The Tribunal concluded that it was not satisfied the applicant had told Mr Essa of the threats which the applicant claimed he had received. It reasoned that, had the applicant informed Mr Essa of such threats during a phone call, it was probable he would also have made a report of such threats to UNFAO, stating at [58]:
. . . The Tribunal does not accept the submission that Mr Essa informed the representative of these threats by telephone, but for some reason was unwilling to report the threats in his written correspondence. The Tribunal places no weight on statements made by the representative regarding what Mr Essa purportedly told her on the telephone. Nor does the Tribunal accept that Mr Essa has stated that anyone ‘demonstrating their support’ for the [applicant] will be prosecuted or that he has attempted to ‘cover up’ what has happened. The documentation provided from Mr Essa indicates that he was asked to state that he did not write the letter to the Department and [that] anyone producing such letters would be prosecuted.
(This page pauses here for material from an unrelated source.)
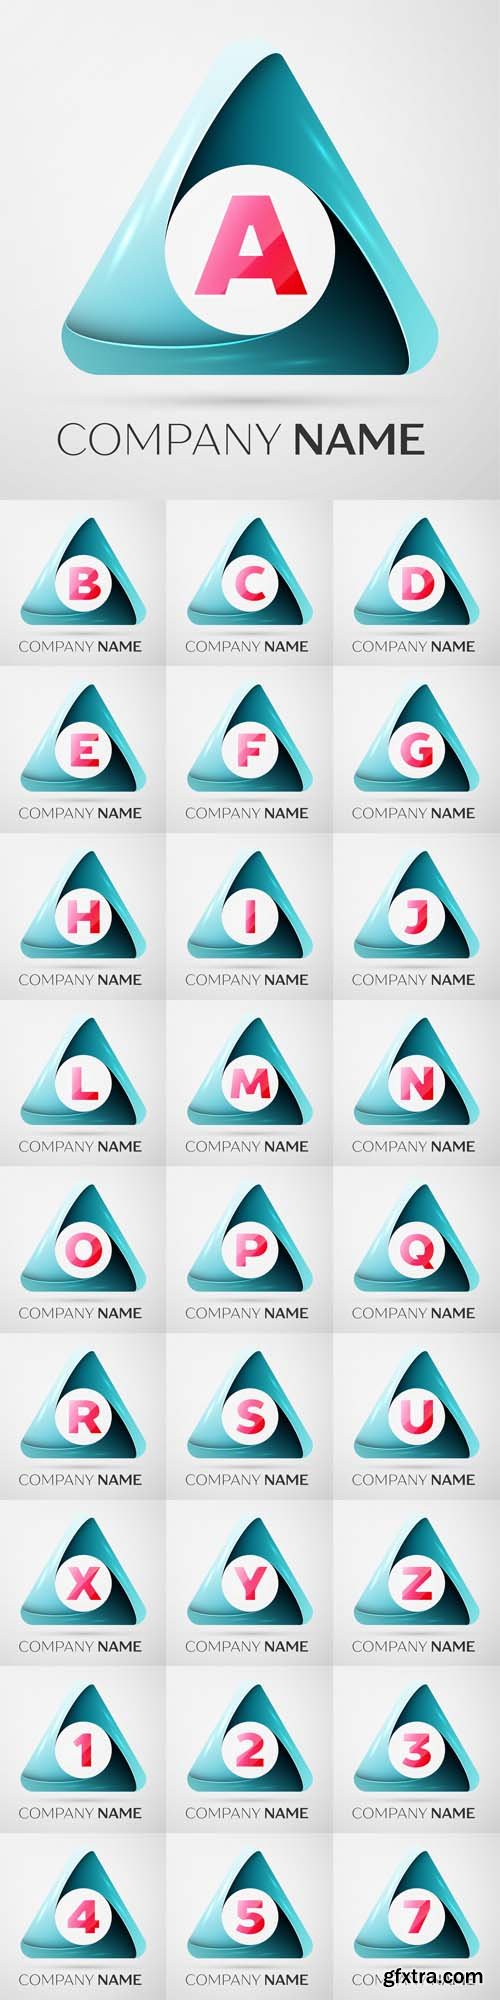 Vector Set - Letters and Numbers logo symbol in the colorful triangle on grey background
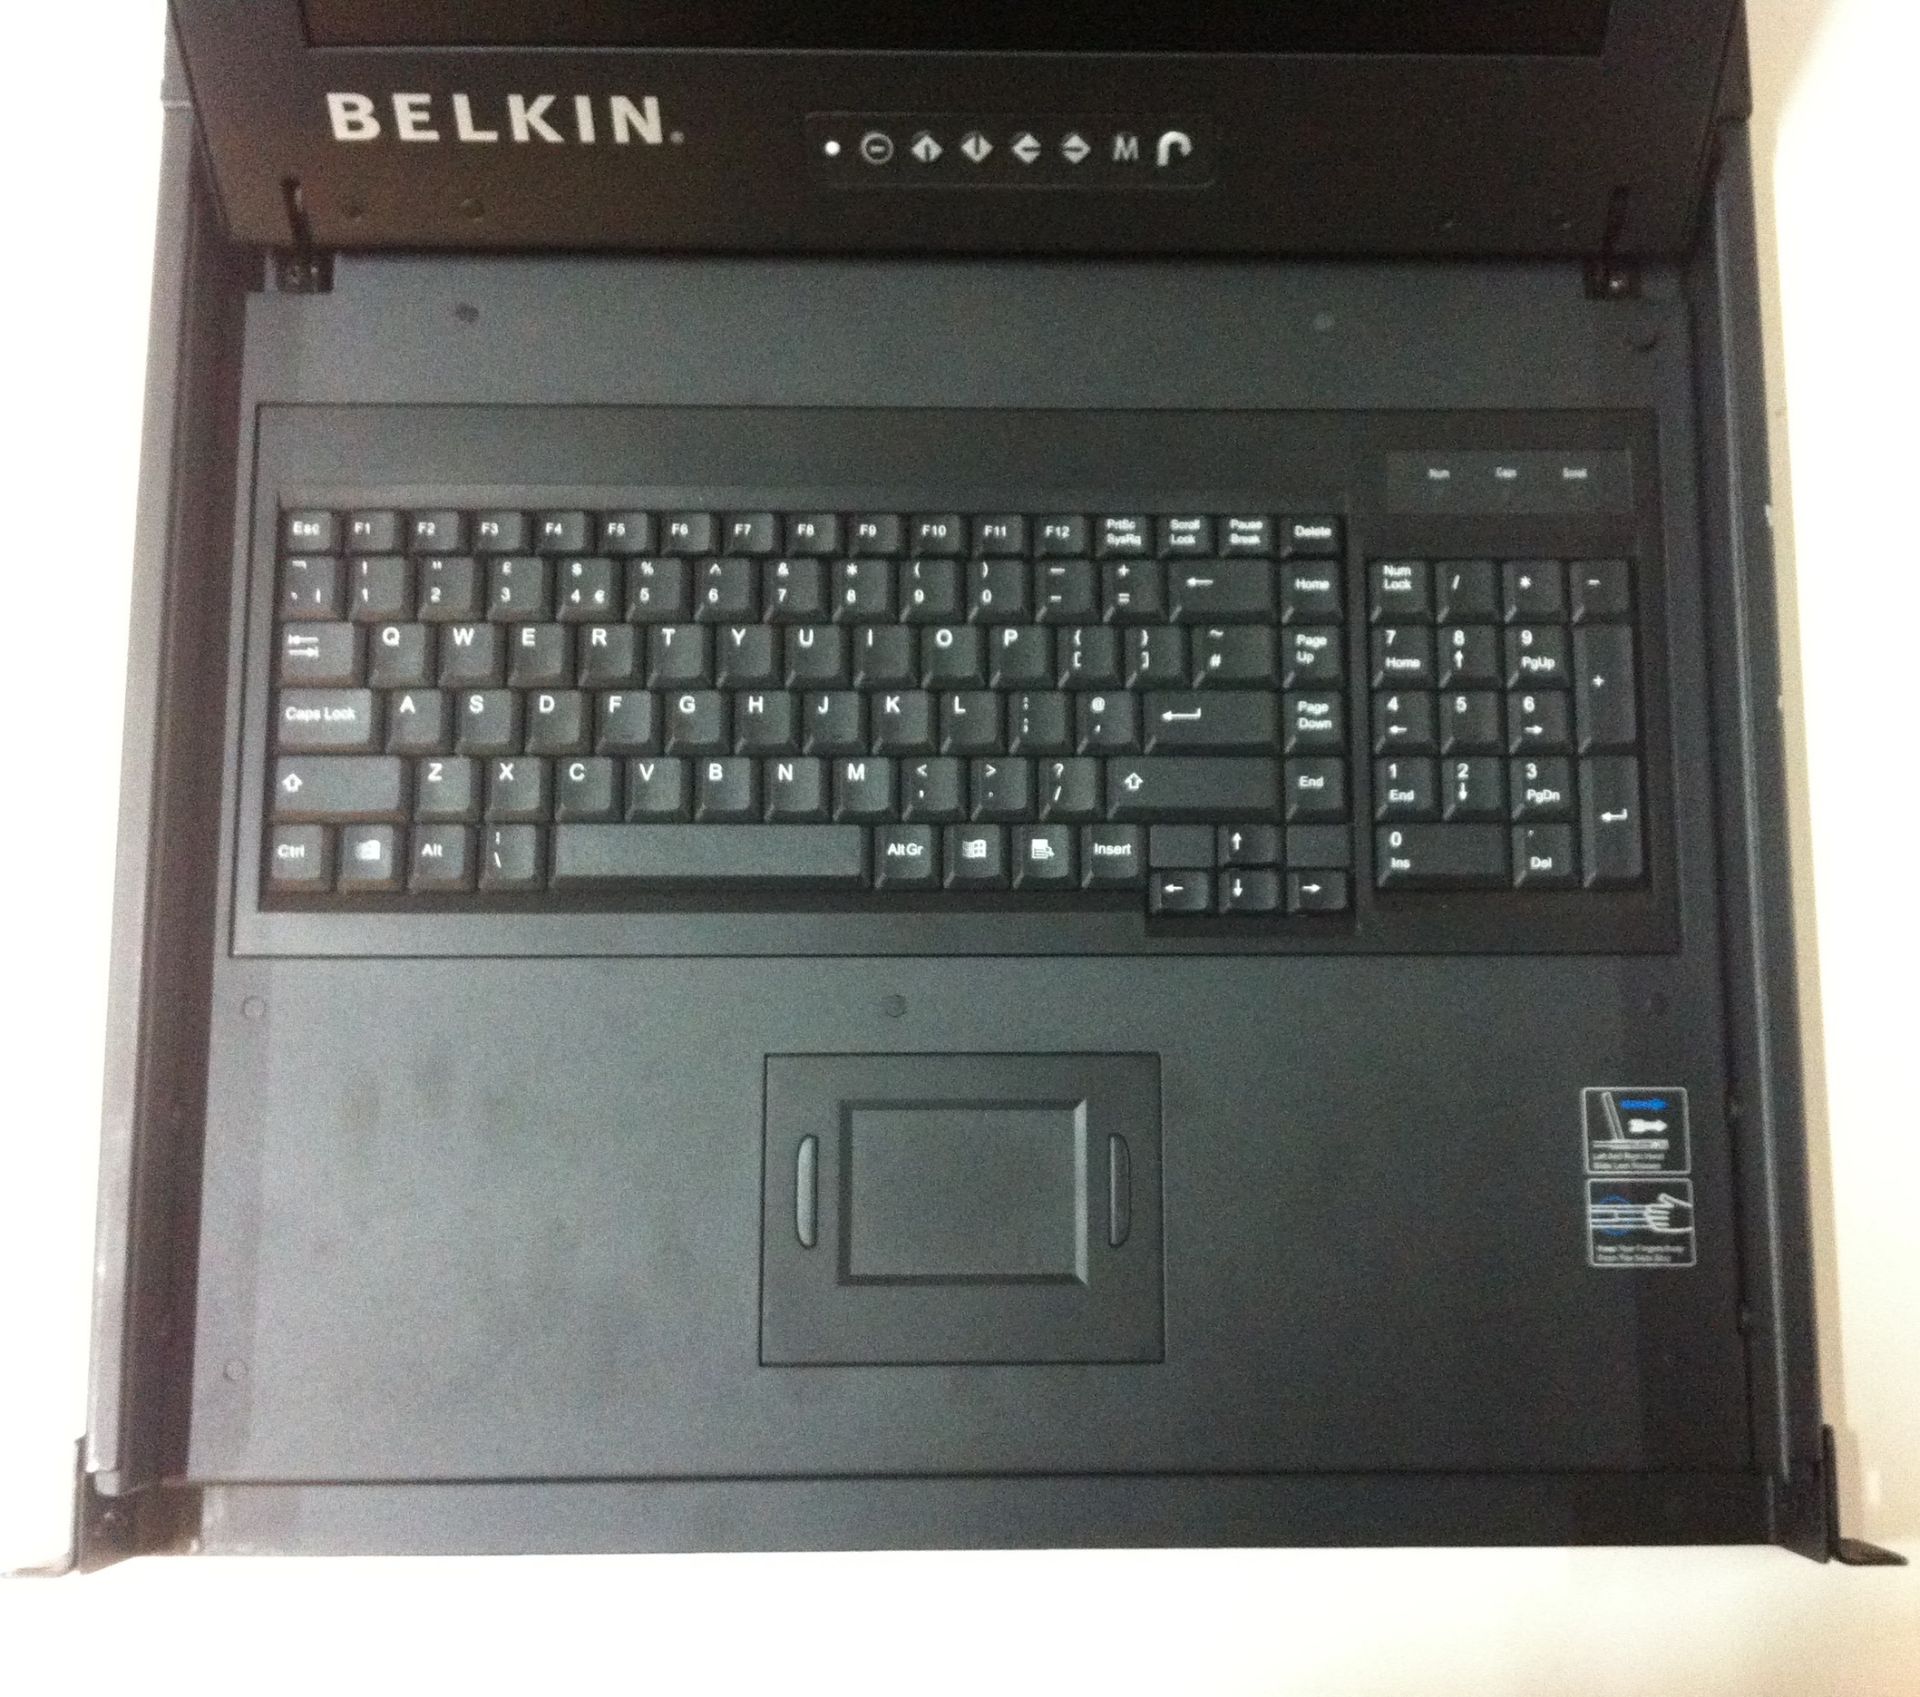 Belkin 17" LCD Rack Console with 8 Port KVM Switch - Image 3 of 5

The list of names provided by a number of employees of the [United Nations FAO] also states that they did not write such letters.
Later the Tribunal concluded that it ‘gave no weight to assertions made by the representative as to what Mr Essa told her on the telephone, which is not reflected in the documentation written by Mr Essa provided to the Tribunal’: [71]. In short, the Tribunal preferred the evidence which Mr Essa had given to the Tribunal over that which was relayed via a submission from the applicant’s lawyer.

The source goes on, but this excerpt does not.